Founded in 2005, they perform compositions from the twentieth and twenty-first centuries. Their music is inspired by composers like Bartok, George Crumb and Luciano Berio.
Through improvisation and musical dialogues they make maximum use of the possibilities offered by two pianos and percussion. The instruments exchange functions almost
imperceptibly – the pianos become percussion instruments, while percussion instruments become the melodic ones.

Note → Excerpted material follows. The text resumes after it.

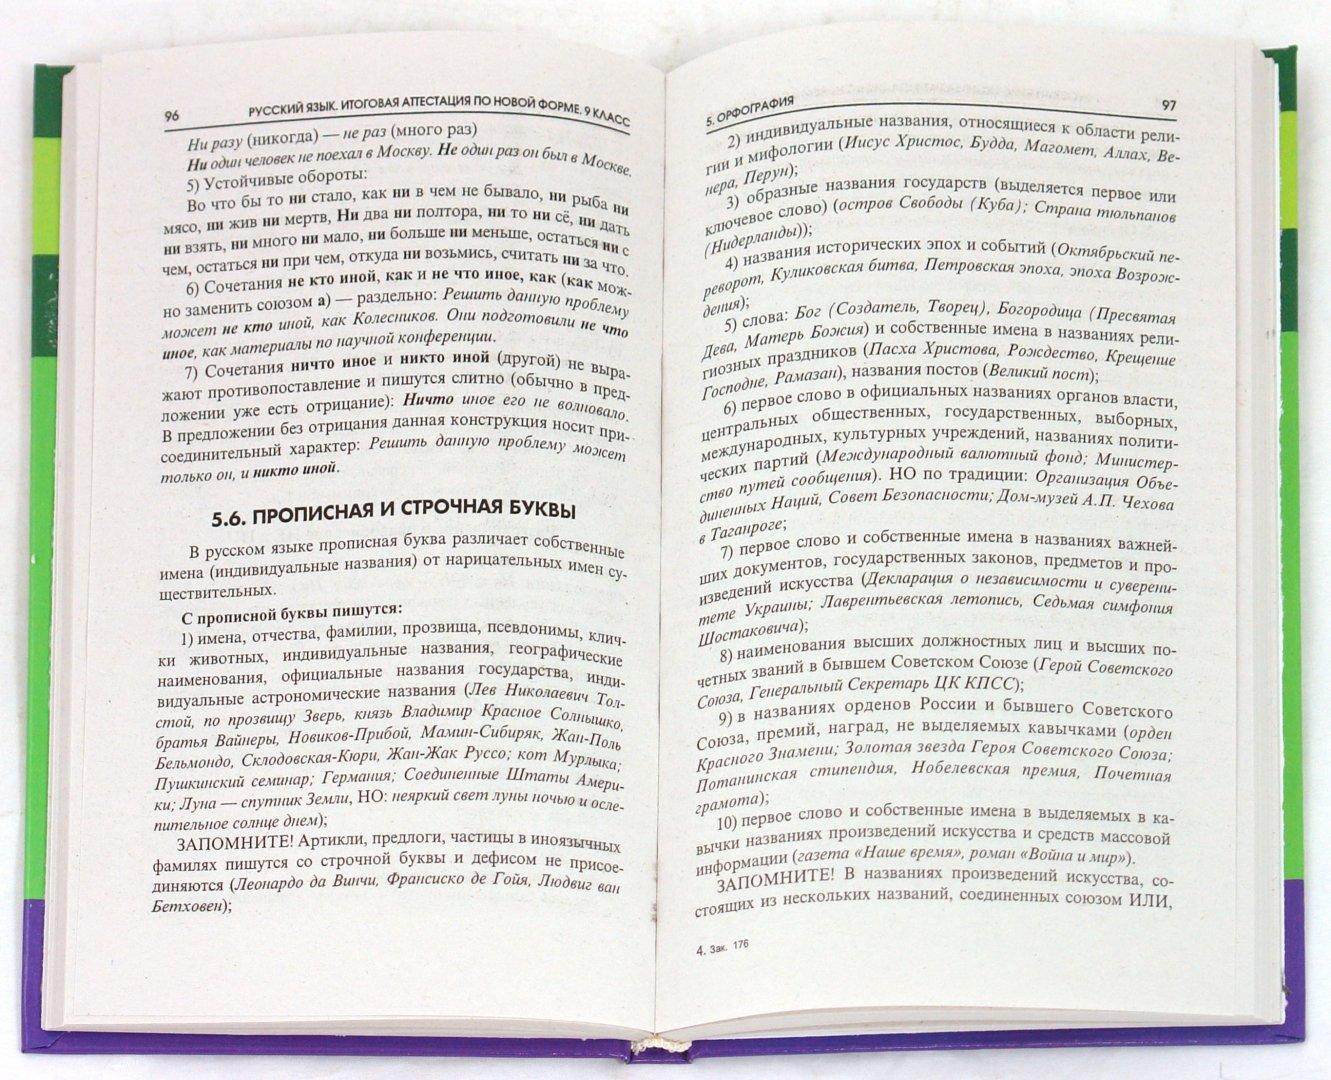 Иллюстрация 1 из 6 для Русский язык: государственная итоговая аттестация (по новой форме): 9 класс - Любовь Черкасова   Лабиринт - книги. Источник: Лабиринт

For the arrangement of folk songs performed at the ninth Folk Music Festival Nowa Tradycja (New Tradition) in 2006, the musicians were awarded the Grand Prix, an Award from the President of Warsaw and also one from the public – "Burza Braw" (Burst of Applause).

== Discography==

| Title | Album details | Peak chart positions | Sales | Certifications |
POL
| Folk Love | Released: April 18, 2008; Label: Warner Music Poland; Formats: CD; | — |  |  |
| Lutosławski Tuwim. Piosenki nie tylko dla dzieci (with Dorota Miśkiewicz) | Released: November 12, 2013; Label: Sony Music Entertainment; Formats: CD, digital download; | 36 | POL: 15,000+; | POL: Gold; |
| Requiem ludowe (with Adam Strug) | Released: April 1, 2015; Label: Polskie Radio / NInA; | — |  |  |
| Astronomia poety. Baczyński (with Mela Koteluk) | Released: July 24, 2020; Label: Warsaw Uprising Museum; | 2 |  |  |
"—" denotes a recording that did not chart or was not released in that territory.